Semana’s political journalists poured themselves into coverage of the rapidly changing scandal over the Proceso 8,000, but that meant nobody was available to cover the ongoing war. So Calderón volunteered to start going to the country’s “red zones,” where the conflict was hot, even while he continued to cover sports. Soon, he was traveling to far-flung parts of the country and filing reports about FARC killings and — increasingly — paramilitary massacres, alongside his still-required stories about the local soccer team.

Throughout the decade, the paramilitary groups had slowly been gaining in strength, but now they were engaged in a coordinated and terrifying campaign to seize control of key regions of the country. Moving beyond Antioquia and Córdoba, where Carlos Castaño’s ACCU had first started its expansion in the 1990s, they were now spreading out over most of the country’s northern states, and even venturing into the center and south of the country. The ACCU had also joined forces with other paramilitary groups, organized under a single umbrella as the AUC (Autodefensas Unidas de Colombia, or United Self-Defense Forces of Colombia), which had multiple “blocks,” each under separate leadership.

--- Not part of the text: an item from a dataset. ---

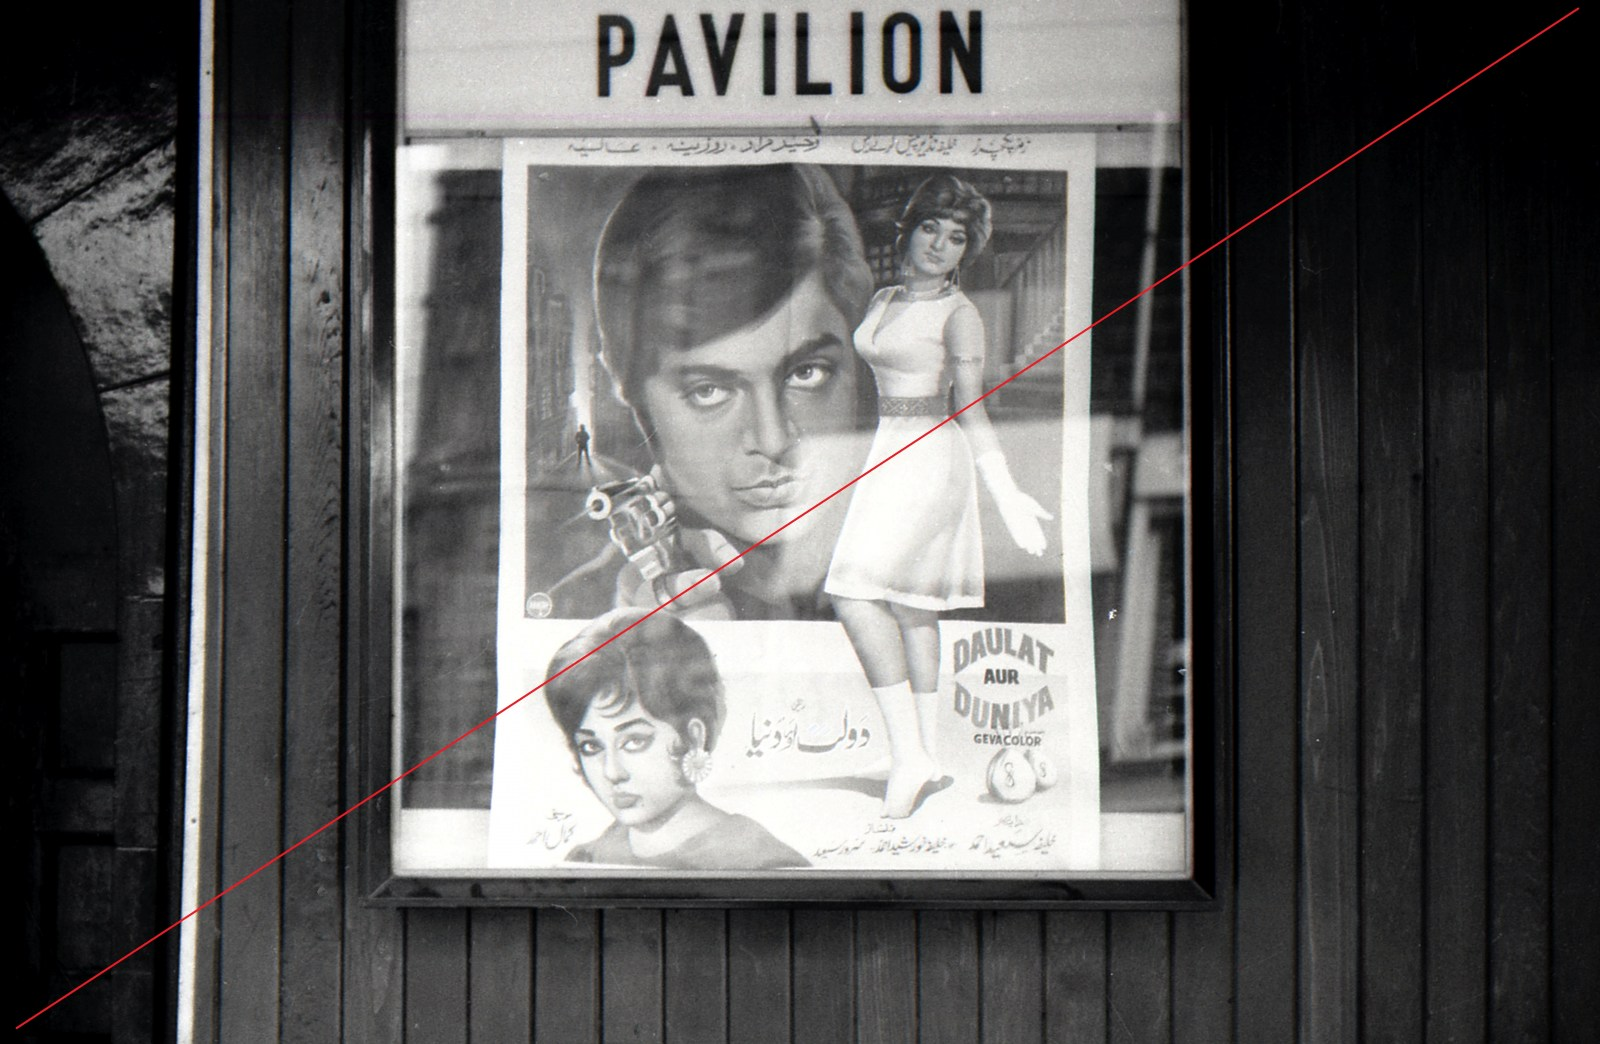 SLS074-Attercliffe Pavilion Cinema, Attercliffe Common-16-09-1972-Web Copy.jpg
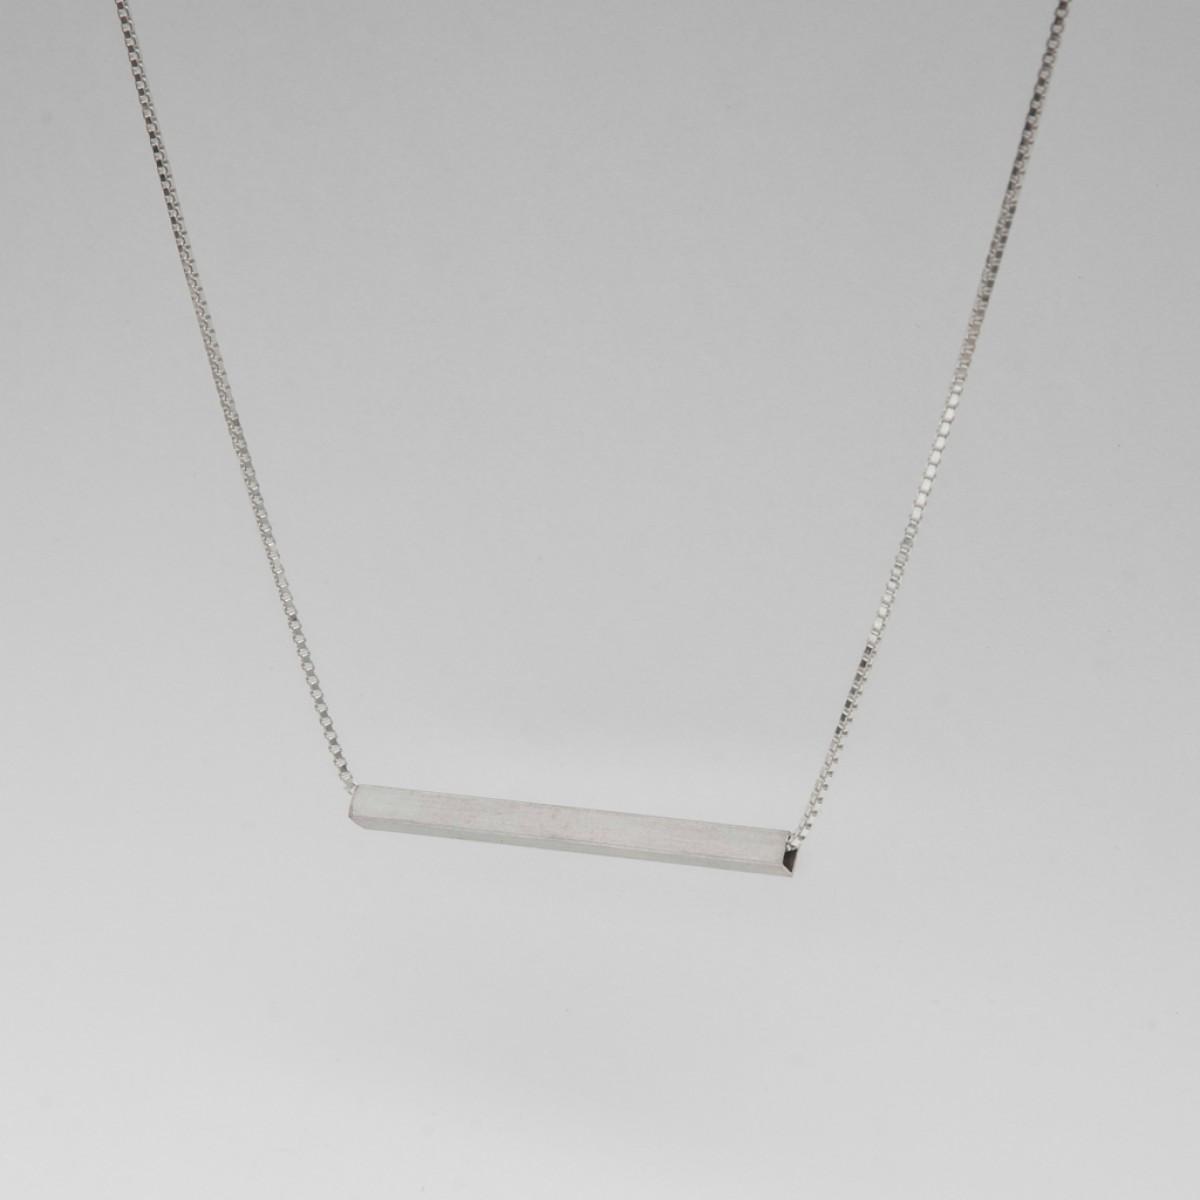 Jonathan Radetz Halskette SQUARE 40, Silber 925

The areas that were hit the worst included the Middle Magdalena Valley and the oil port city of Barrancabermeja, a traditional ELN stronghold that Calderón visited repeatedly, and from which he wrote numerous articles about increasing paramilitary killings. In one, he described how, on May 16, 1998, around fifty paramilitaries had entered the northeastern section of the city, murdered eleven people, and kidnapped another twenty-five, labeling them “guerrilla sympathizers.” In a statement delivered to the government, ACCU leader Carlos Castaño later announced that the paramilitaries had summarily “tried” and executed the twenty-five before burning their bodies. The massacre was so brazen that it got national public attention, but it was far from unique. Across the region and much of the country, paramilitaries were growing fast. With the promise of high wages, which were easy to pay with their profits from cocaine, the AUC had enticed thousands of underemployed young men to join their ranks, and they were killing tens of thousands of people in grisly ways, including beheading, clubbing, or dismembering their victims, often in front of their families and neighbors. Calderón lost track of how many mass paramilitary killings he wrote about at the time. In the aftermath of massacres, remaining community members fled in terror, leaving behind ghost towns throughout much of the Middle Magdalena region, Antioquia, and the northern coast.

Meanwhile, the FARC and the ELN, too, were engaging in ever more ruthless tactics. They had taken people hostage for ransom or political gain for years, but now kidnappings were a daily occurrence. Travel by road throughout Colombia had become so hazardous that many people gave it up entirely. The guerrillas took advantage of the absence of law enforcement on many lonely roads to conduct pescas milagrosas (miraculous fishing), where they stopped drivers and kidnapped those they thought might be worth something. The kidnappings affected Colombians of all stripes and backgrounds, wealthy and poor alike, and by paralyzing travel, damaged the economy and frustrated city residents, for whom going to the countryside was a common pastime. To secure their territory, the guerrillas had also deployed antipersonnel landmines, which maimed not only soldiers, but also peasants, children, and animals that walked in the wrong place.